Download or read book Liberty Is Sweet written by Woody Holton and published by Simon and Schuster. This book was released on 2021-10-19 with total page 688 pages. Available in PDF, EPUB and Kindle. Book excerpt: A “deeply researched and bracing retelling” (Annette Gordon-Reed, Pulitzer Prize–winning historian) of the American Revolution, showing how the Founders were influenced by overlooked Americans—women, Native Americans, African Americans, and religious dissenters. Using more than a thousand eyewitness records, Liberty Is Sweet is a “spirited account” (Gordon S. Wood, Pulitzer Prize–winning author of The Radicalism of the American Revolution) that explores countless connections between the Patriots of 1776 and other Americans whose passion for freedom often brought them into conflict with the Founding Fathers. “It is all one story,” prizewinning historian Woody Holton writes. Holton describes the origins and crucial battles of the Revolution from Lexington and Concord to the British surrender at Yorktown, always focusing on marginalized Americans—enslaved Africans and African Americans, Native Americans, women, and dissenters—and on overlooked factors such as weather, North America’s unique geography, chance, misperception, attempts to manipulate public opinion, and (most of all) disease.

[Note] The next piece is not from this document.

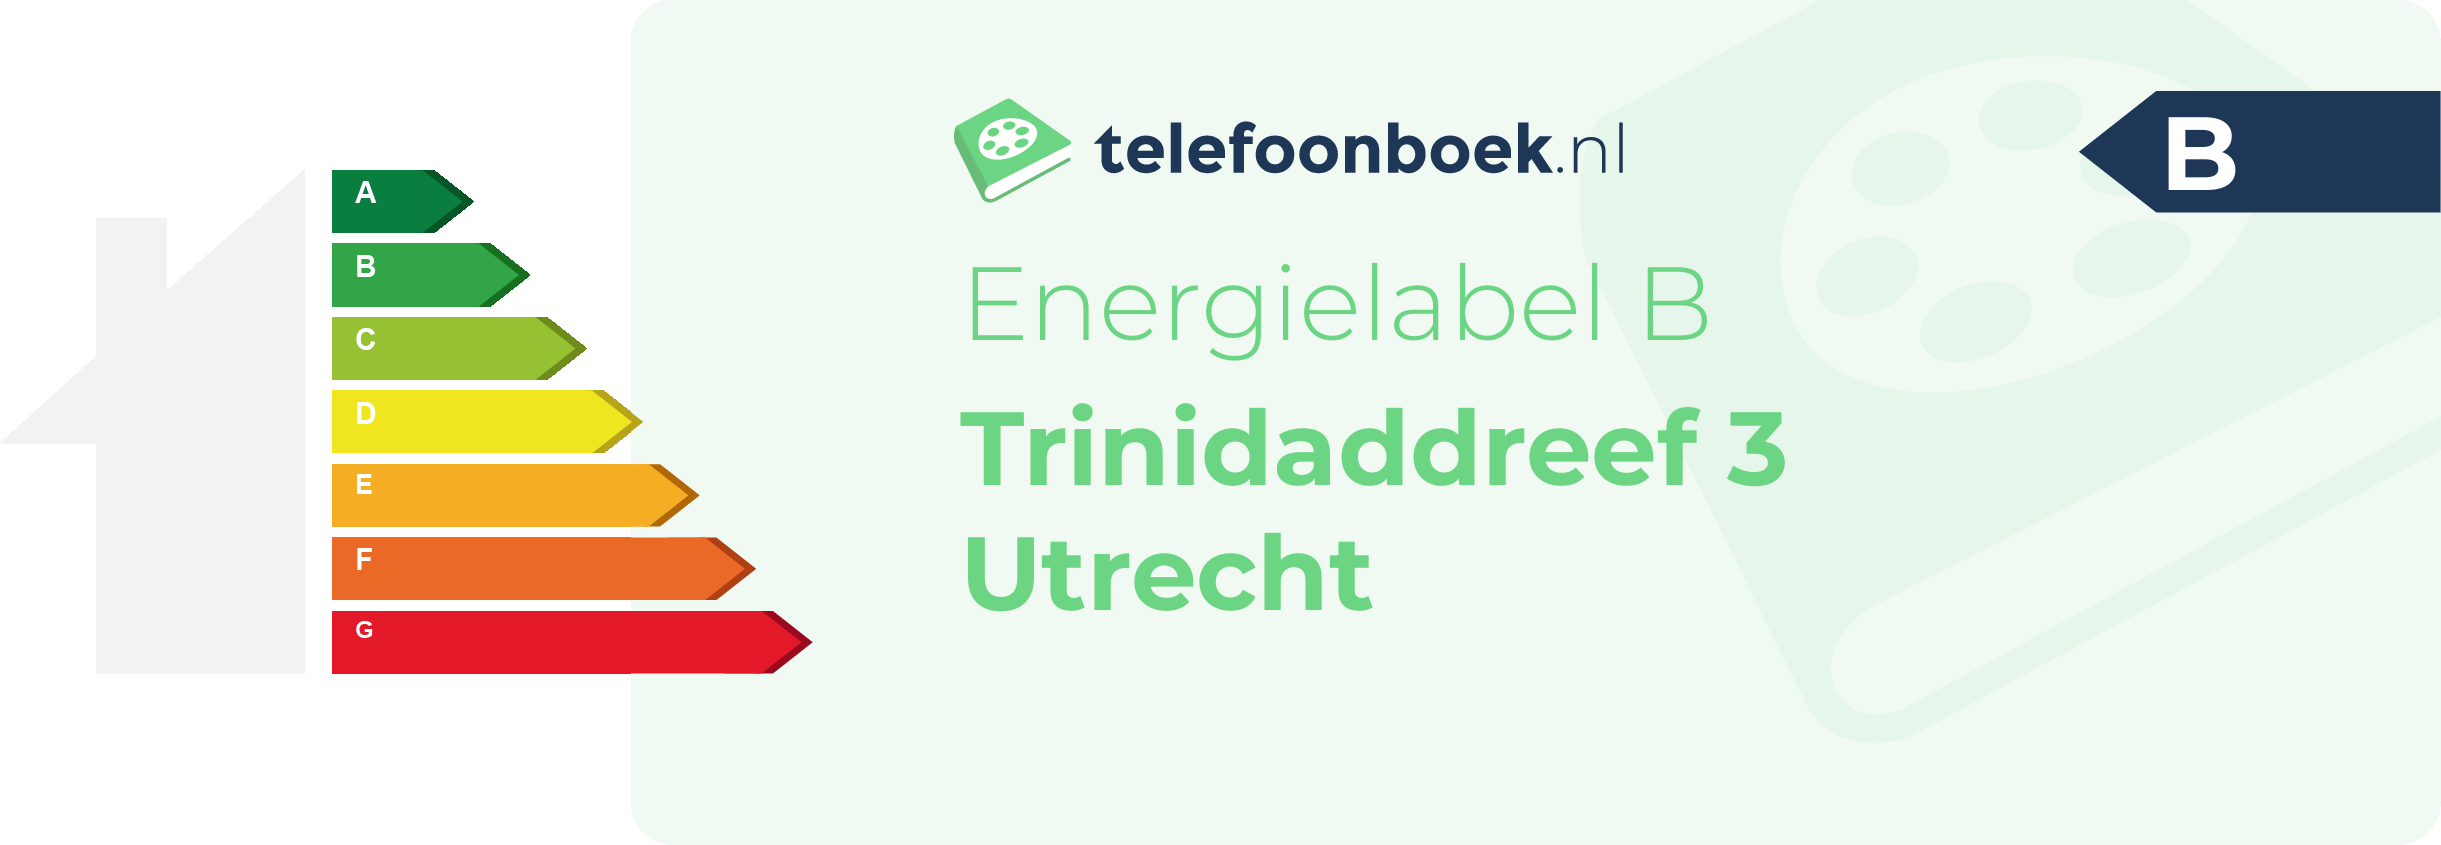 Energielabel Trinidaddreef 3 Utrecht

Thousands of enslaved Americans exploited the chaos of war to obtain their own freedom, while others were given away as enlistment bounties to whites. Women provided material support for the troops, sewing clothes for soldiers and in some cases taking part in the fighting. Both sides courted native people and mimicked their tactics. Liberty Is Sweet is a “must-read book for understanding the founding of our nation” (Walter Isaacson, author of Benjamin Franklin), from its origins on the frontiers and in the Atlantic ports to the creation of the Constitution. Offering surprises at every turn—for example, Holton makes a convincing case that Britain never had a chance of winning the war—this majestic history revivifies a story we thought we already knew.

Book Sweet America

    Book Details:
  • Author : Steven Kroll
  • Publisher : Brighter Child
  • Release : 2004-04
  • ISBN : 9780769634234
  • Pages : 171 pages

Download or read book Sweet America written by Steven Kroll and published by Brighter Child. This book was released on 2004-04 with total page 171 pages. Available in PDF, EPUB and Kindle. Book excerpt: In 1889, after he and his family emigrate from Italy to New York City, fourteen-year-old Tony tries to adjust to becoming an American, while avoiding an Irish gang and befriending photographer and social reformer Jacob Riis.

Book Sweet as Sin

    Book Details:
  • Author : Susan Benjamin
  • Publisher : Prometheus Books
  • Release : 2016-03-15
  • ISBN : 1633881415
  • Pages : 307 pages

Download or read book Sweet as Sin written by Susan Benjamin and published by Prometheus Books. This book was released on 2016-03-15 with total page 307 pages. Available in PDF, EPUB and Kindle. Book excerpt: RECOMMENDED BY SMITHSONIAN MAGAZINE AS A "BEST BOOK ABOUT FOOD OF 2016"! READERS WITH AN INTEREST IN THE HISTORY OF FOOD AND AMERICANA WILL SAVOR THIS CULTURAL HISTORY There’s more to candy than its sugary taste. As this book shows, candy has a remarkable history, most of it sweet, some of it bitter. The author, a food historian and candy expert, tells the whole story—from the harvesting of the marshmallow plant in ancient Egypt to the mass-produced candy innovations of the twentieth century. Along the way, the reader is treated to an assortment of entertaining facts and colorful characters. These include a deposed Mexican president who ignited the modern chewing gum industry, the Native Americans who created pemmican, an important food, by mixing fruit with dried meat, and the little-known son of a slave woman who invented the sugar-processing machine still in use today. Susan Benjamin traces people’s changing palate over the centuries as roots, barks, and even bugs were savored as treats. She surveys the many uses of chocolate from the cacao bean enjoyed by Olmec Indians to candy bars carried by GIs in World War II. She notes that many candies are associated with world’s fairs and other major historical events. Fun and informative, this book will make you appreciate the candy you love even more by revealing the fascinating backstory behind it.

Book Sweet Stuff

    Book Details:
  • Author : Deborah Jean Warner
  • Publisher : Rowman & Littlefield
  • Release : 2011-09-16
  • ISBN : 1935623052
  • Pages : 305 pages

Download or read book Sweet Stuff written by Deborah Jean Warner and published by Rowman & Littlefield. This book was released on 2011-09-16 with total page 305 pages. Available in PDF, EPUB and Kindle. Book excerpt: Sweeteners have long played an important role in the American diet and economy, yet are largely absent from accounts of the American past. Sweet Stuff rectifies that oversight in the first in-depth history of sugar and other major sweeteners, both natural and artificial, in the American experience. Sweet Stuff discusses sweeteners in the context of diet, science and technology, business and labor, politics, and popular culture.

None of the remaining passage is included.